> **Source material**:
>>>>

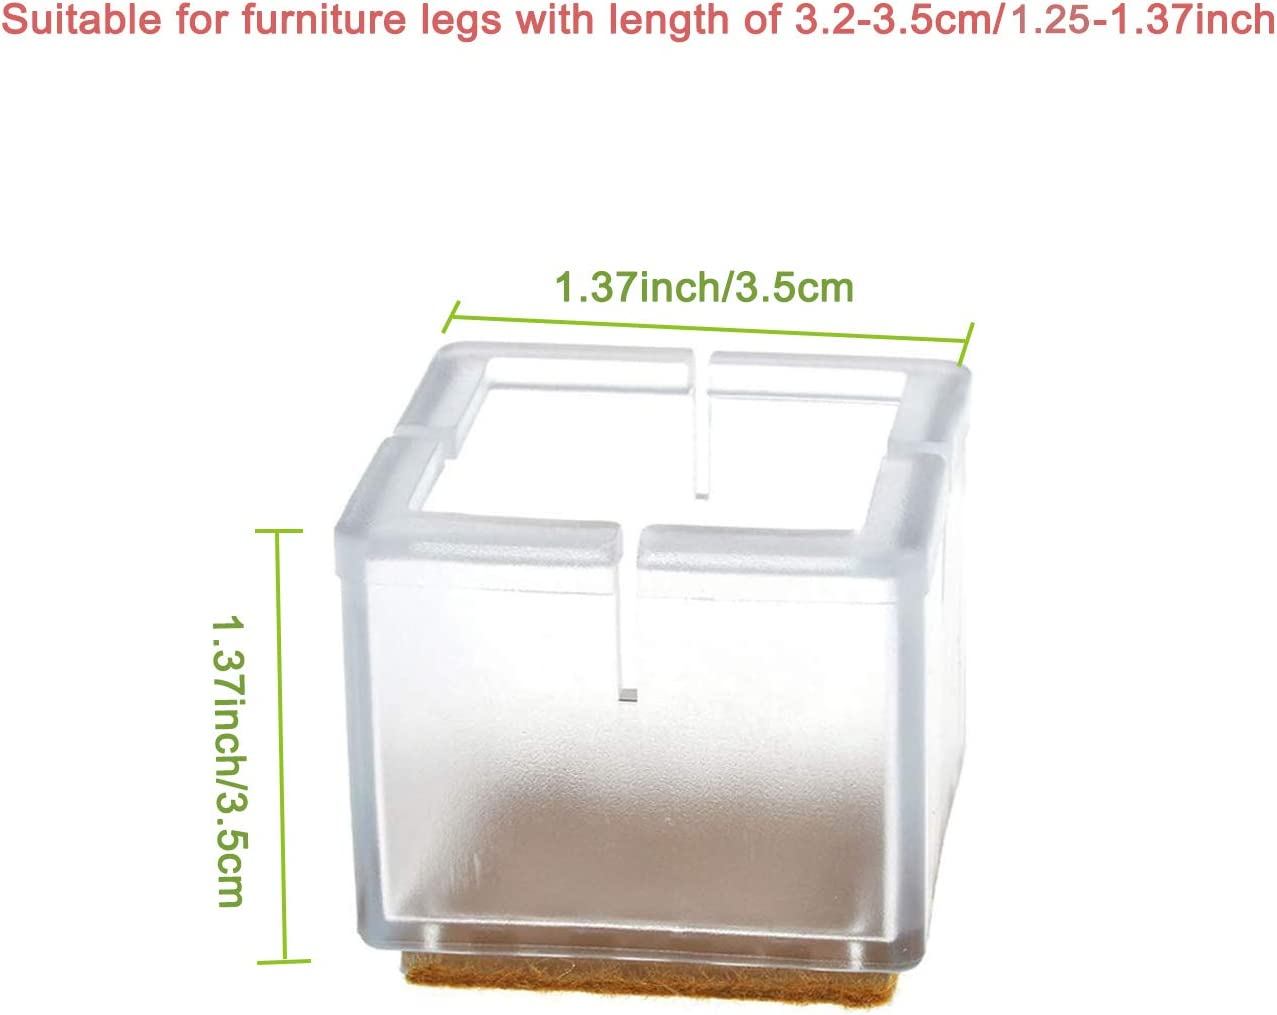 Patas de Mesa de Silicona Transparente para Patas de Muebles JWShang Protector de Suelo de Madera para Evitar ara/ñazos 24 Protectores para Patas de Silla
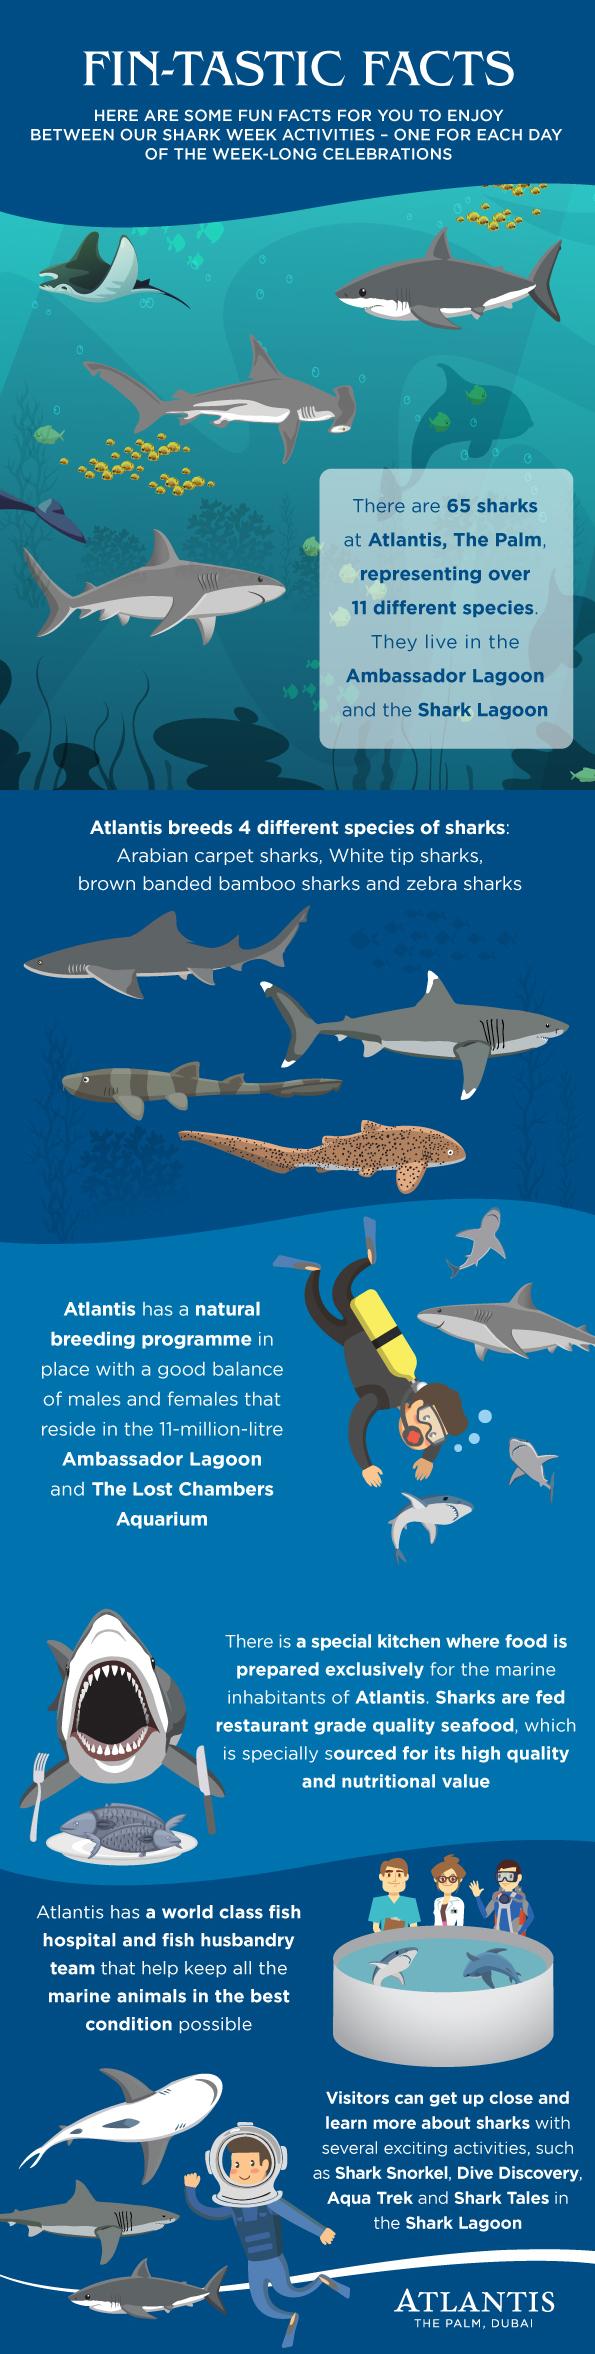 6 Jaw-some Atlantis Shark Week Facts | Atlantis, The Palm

<<<<
>>>>

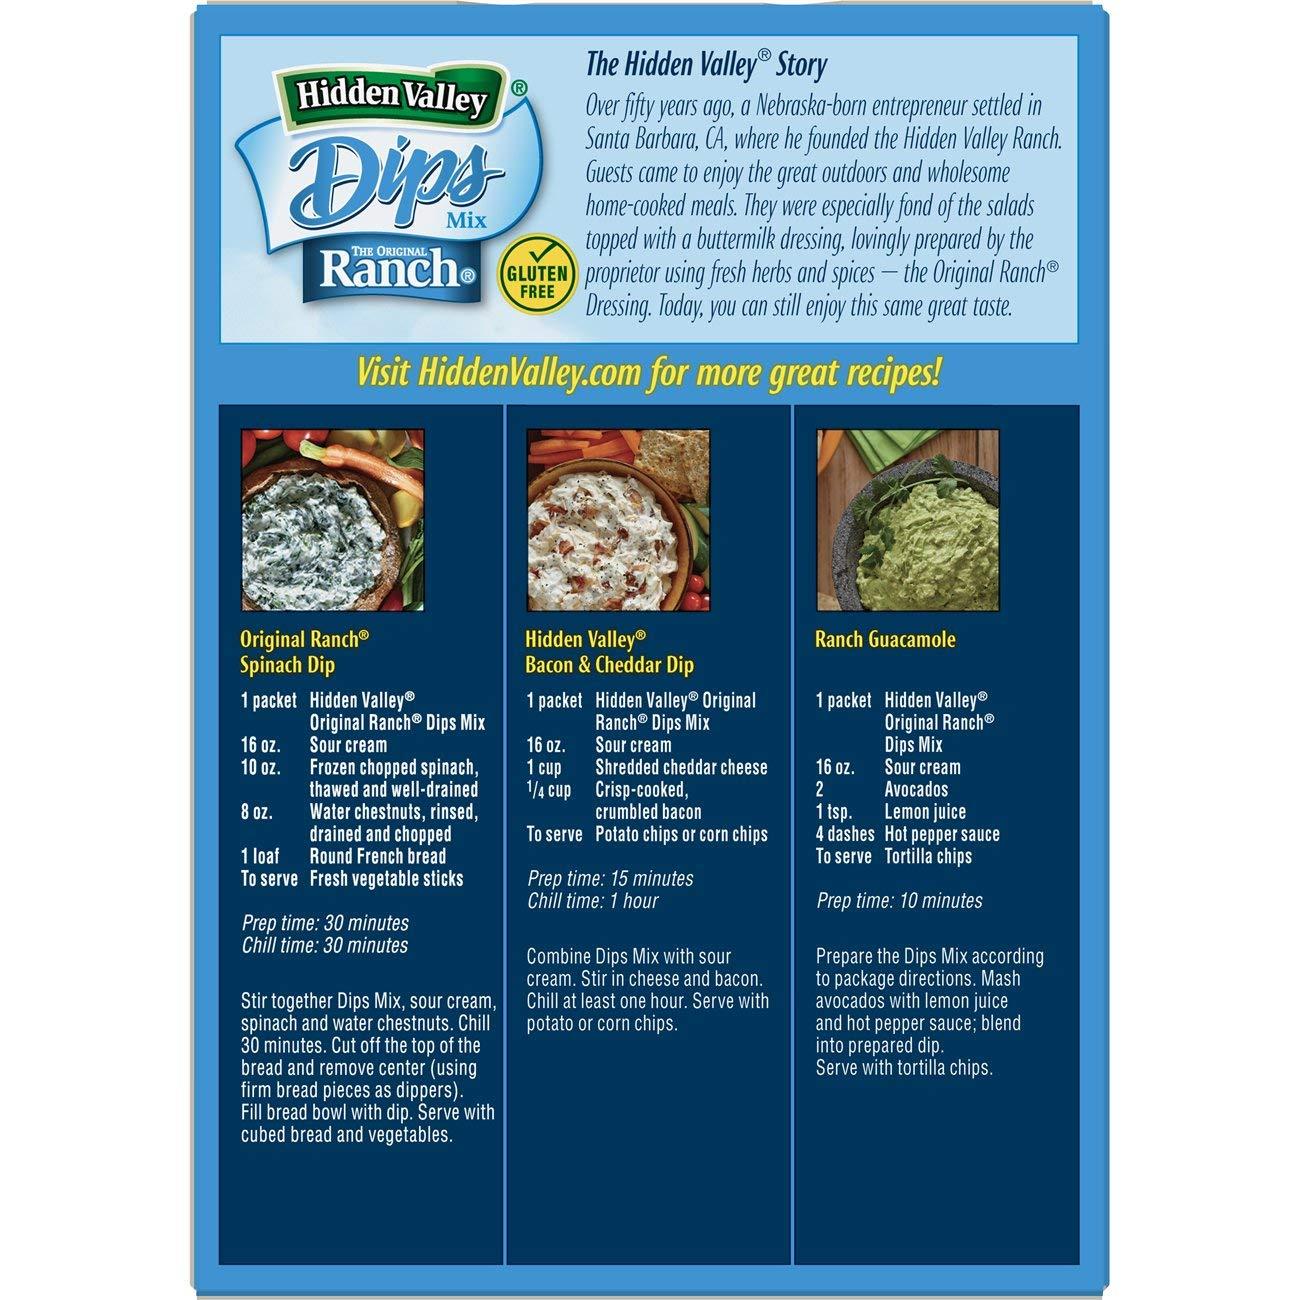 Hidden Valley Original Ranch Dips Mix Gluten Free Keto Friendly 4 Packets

<<<<

> **Your task**: Beginning with the line holding "Patas de Mesa" in the material above, restate word for word each line through the line holding "6 Jaw-some Atlantis", and exclude pictures.

> **Response area**:
 Patas de Mesa de Silicona Transparente para Patas de Muebles JWShang Protector de Suelo de Madera para Evitar ara/ñazos 24 Protectores para Patas de Silla
 6 Jaw-some Atlantis Shark Week Facts | Atlantis, The Palm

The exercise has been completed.